Rickettsiae are obligately intracellular bacterial pathogens transmitted by ticks, fleas, lice and mites. The clinical manifestations and morbidity of diseases caused by Rickettsia vary from mild to very severe and fatal. Rocky Mountain spotted fever is caused by Rickettsia rickettsii; it is the most prevalent rickettsiosis in the Americas and known for its malignancy. Two other rickettsioses in the Americas caused by the emerging pathogens R. philipii and R. parkeri are typically milder in most individuals. One current view of the evolution of Rickettsia species postulates that rickettsial pathogenicity does not correlate to a gain in effectors of bacterial virulence, but rather with a loss of regulatory molecules which suppress expression of virulent phenotypes. We found that a 19 kb chromosome insert in R. philipii, the nearest relative of R. rickettsi, contains genes which are associated with control and/or attenuation of virulent phenotypes in many bacteria. Some of these genes are uniquely present in R. philipii and other rickettsiae of low pathogenicity, but absent in highly virulent rickettsiae such as R. rickettsii. Therefore, our central hypothesis is that the proteins encoded by some of the insert genes may attenuate the ability of those Rickettsia which contain these elements to cause severe infections in humans. The goals of the research proposed in this application are (1) to confirm that important functions are encoded by the chromosomal insert genes in R. philipii, and (2) to determine if they indeed modulate rickettsial pathogenicity. We will test our central hypothesis by accomplishing the following Specific Aims:
Aim 1. To obtain directed knockout mutants of genes encoded by the R. philipii chromosome insert.
Aim 2. To assess the phenotypic differences of wild and knockout strains of R. philipii in in vitro host-cell interaction models and by comparative transcriptome analysis. With these tools we will be able to demonstrate the utility of a new genetic knockout system to inactivate selected rickettsial proteins and to conduct functional and structural studies on these proteins. These experiments will address the mechanisms of pathogenesis employed by different Rickettsia and the results may be useful in efforts to develop improved patient adjunctive therapies, and provide a novel assay pathway for screening for more effective antibiotics against rickettsioses.

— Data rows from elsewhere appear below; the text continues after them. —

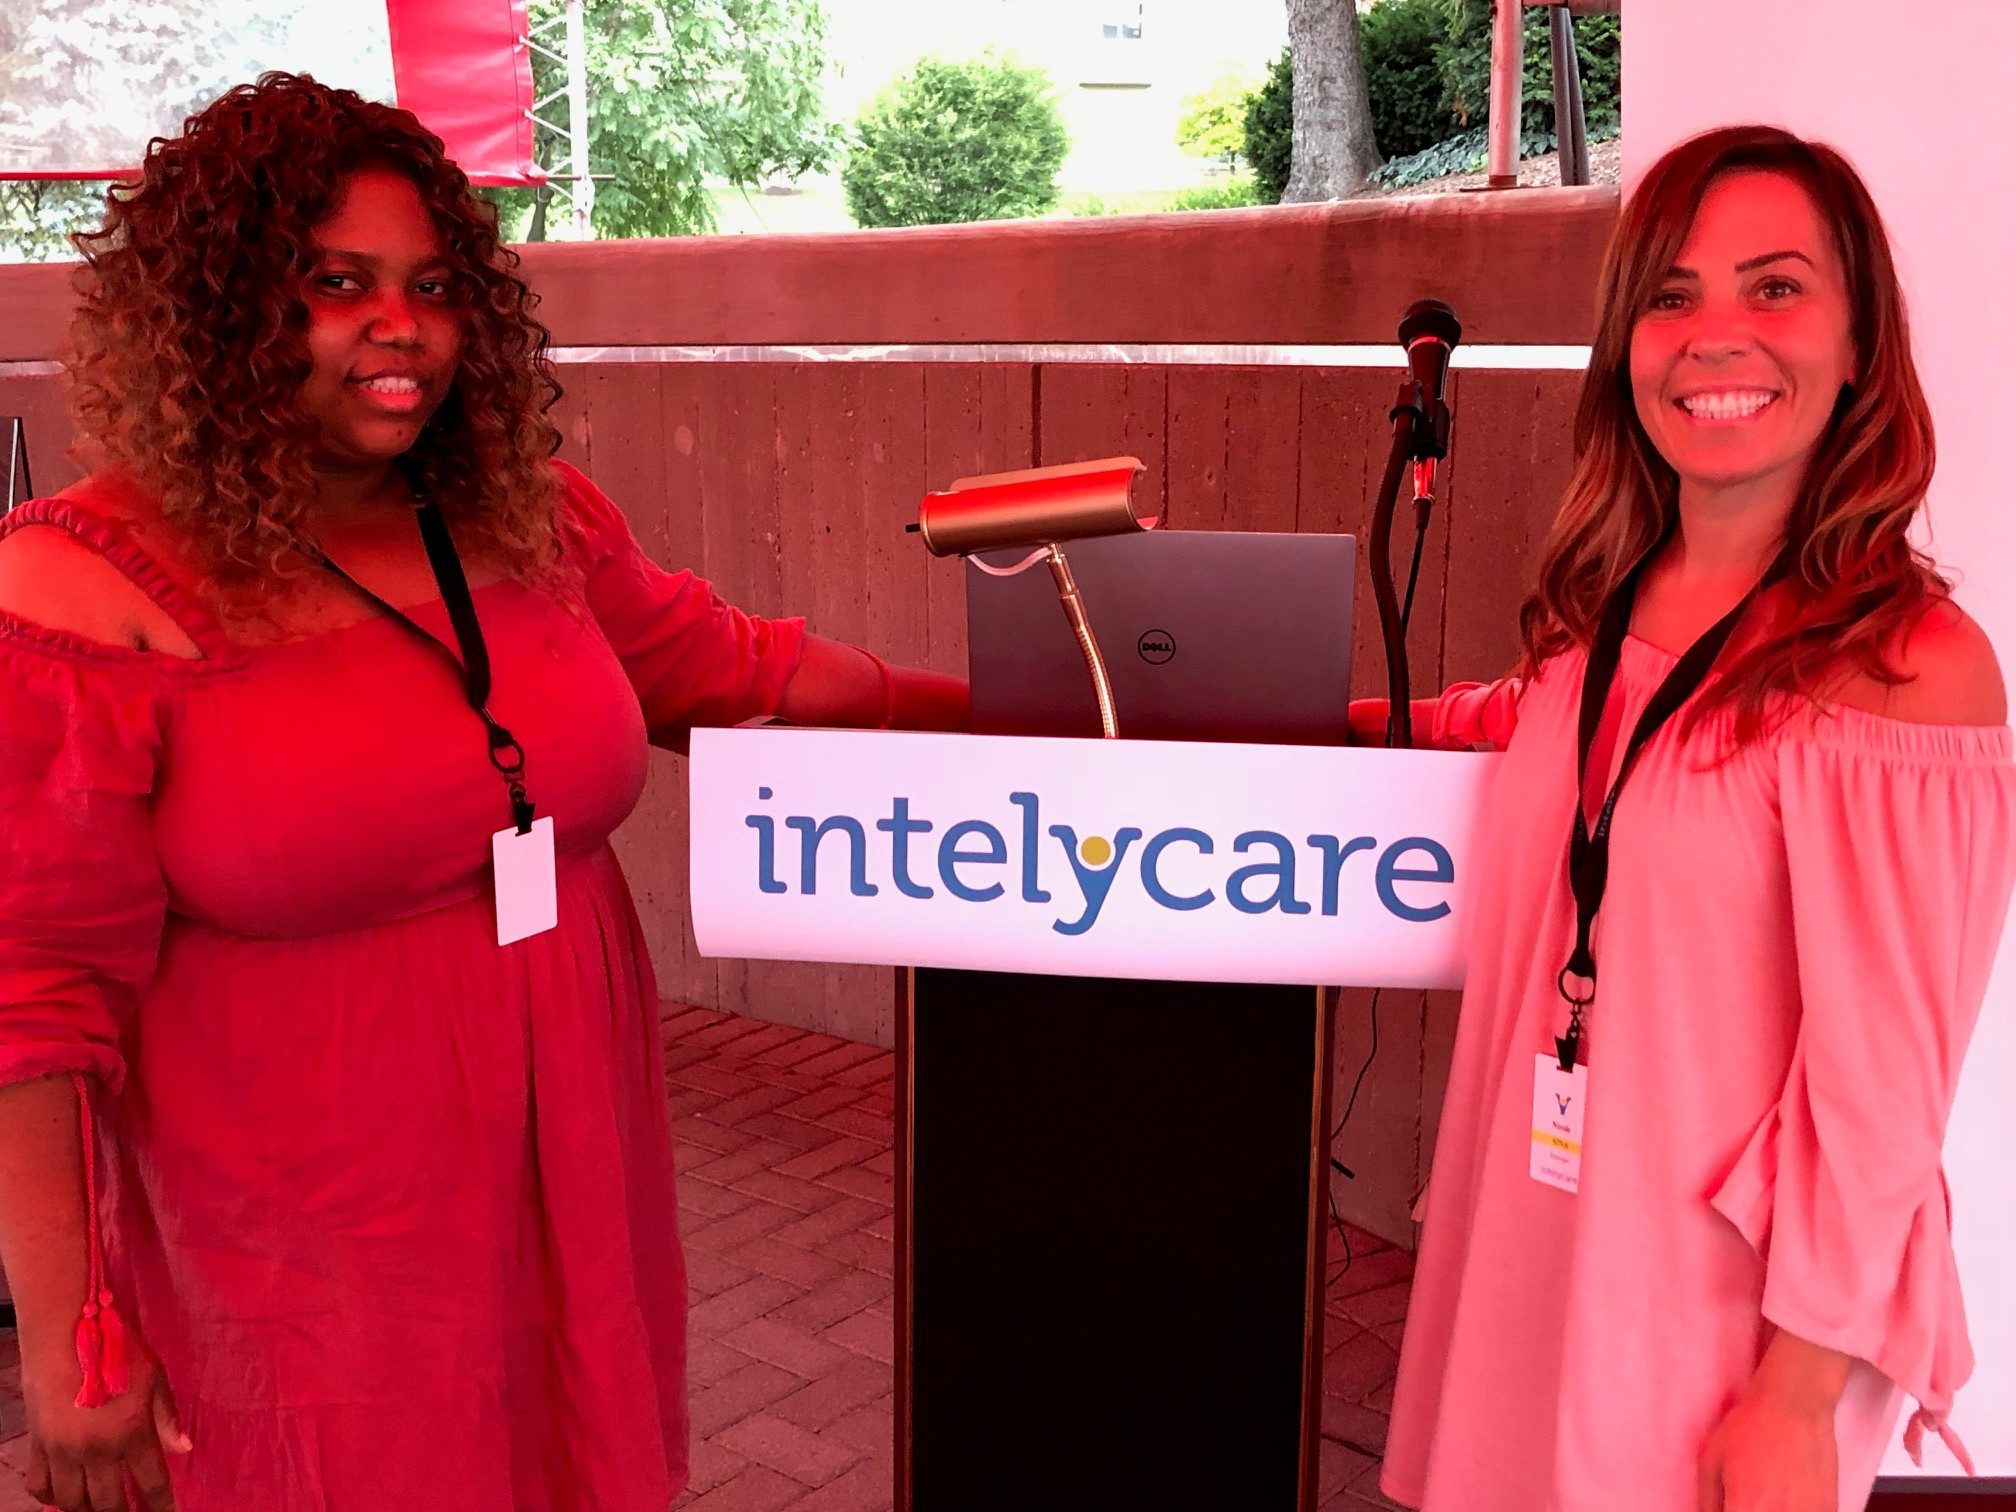 IntelyCare nurses smiling while standing at a podium during the welcome event in Cincinnati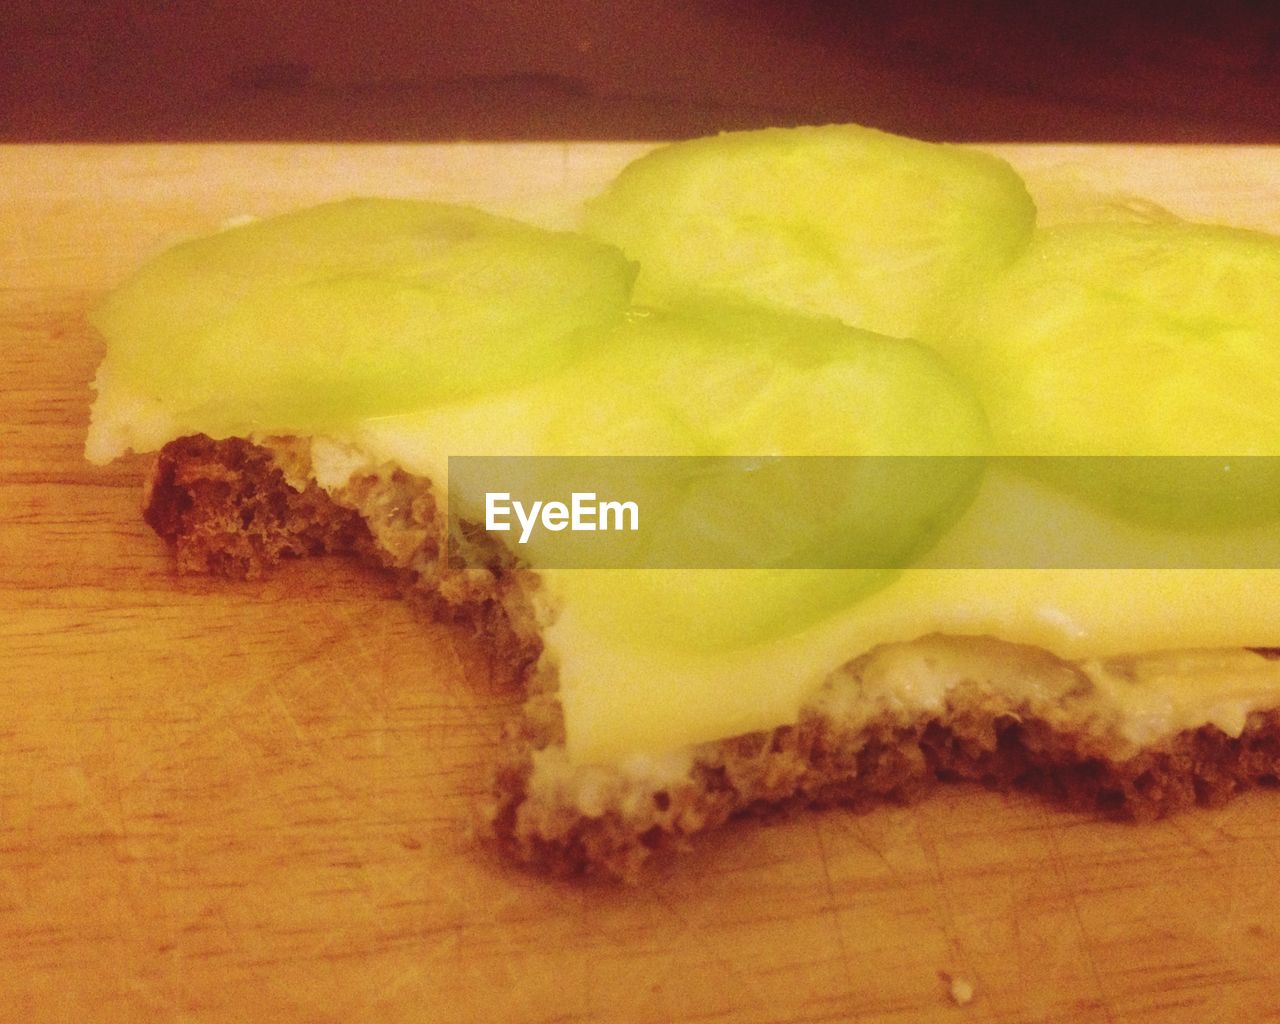 Cheese and cucumber sandwich with tooth marks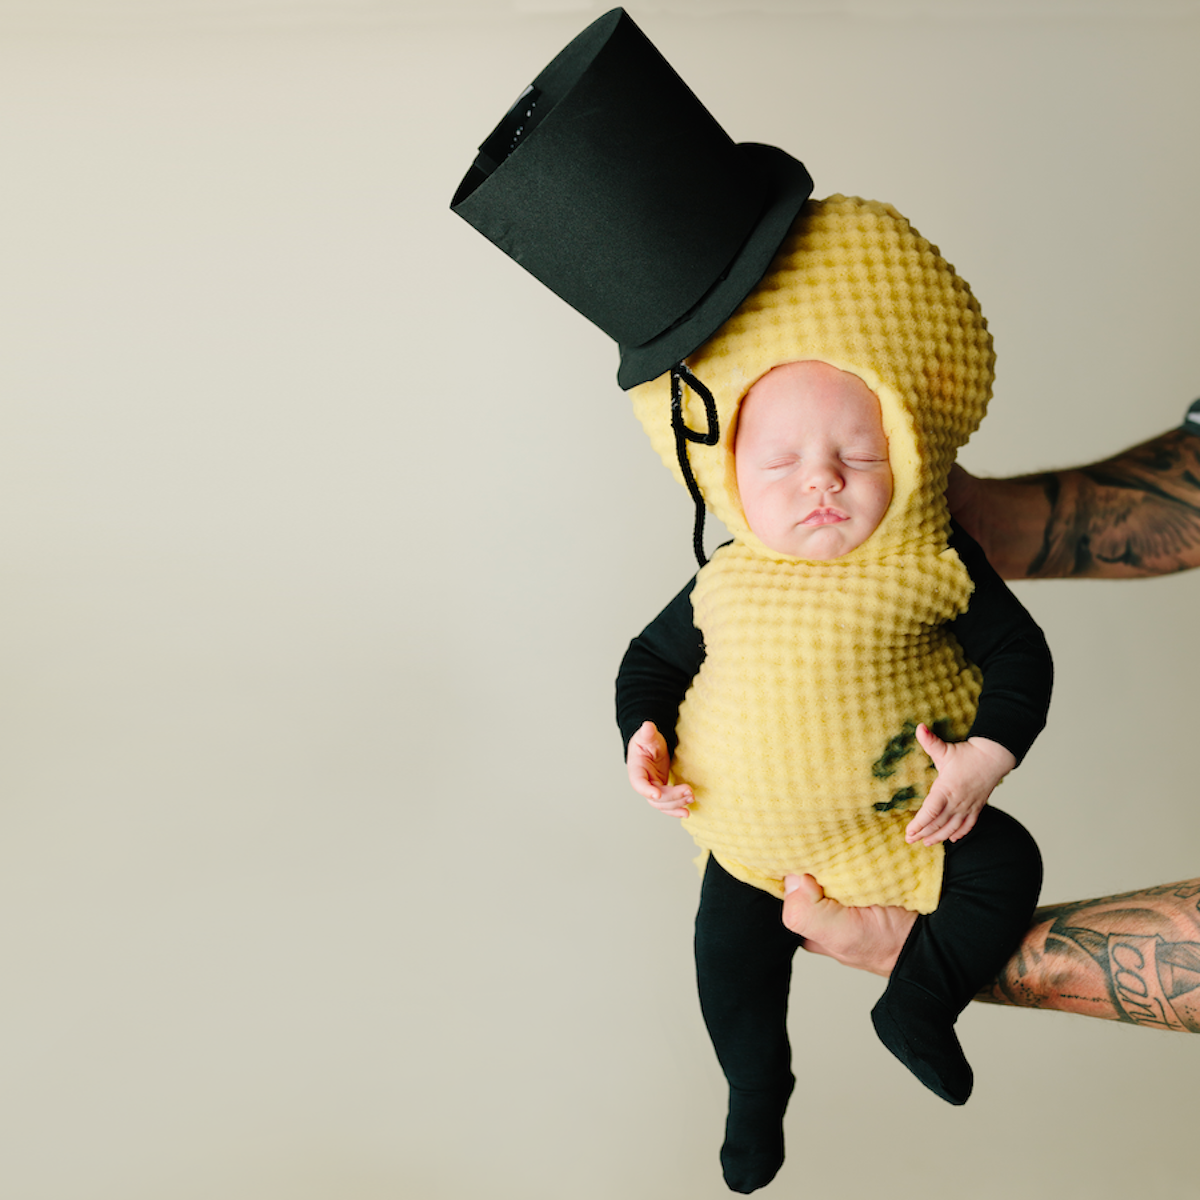 Mr. Peanut: A baby wearing a black babysuit with a yellow crocheted "peanut" costume overtop.

Severe rickettsioses like Rocky Mountain spotted fever manifest as an exanthematous febrile infection with multiorgan involvement, but the mechanisms responsible for variable pathogenic effects of different Rickettsia species in their human host is largely unknown. Experiments described in this proposal will characterize a unique cluster of rickettsial genes which may modulate rickettsia-host cell interactions and thus affect the clinical severity of infection. This study will examine the functions of a set of unique genes in low virulent Rickettsia and this knowledge may lead to new methods for the treatment of severe rickettsioses like Rocky Mountain spotted fever.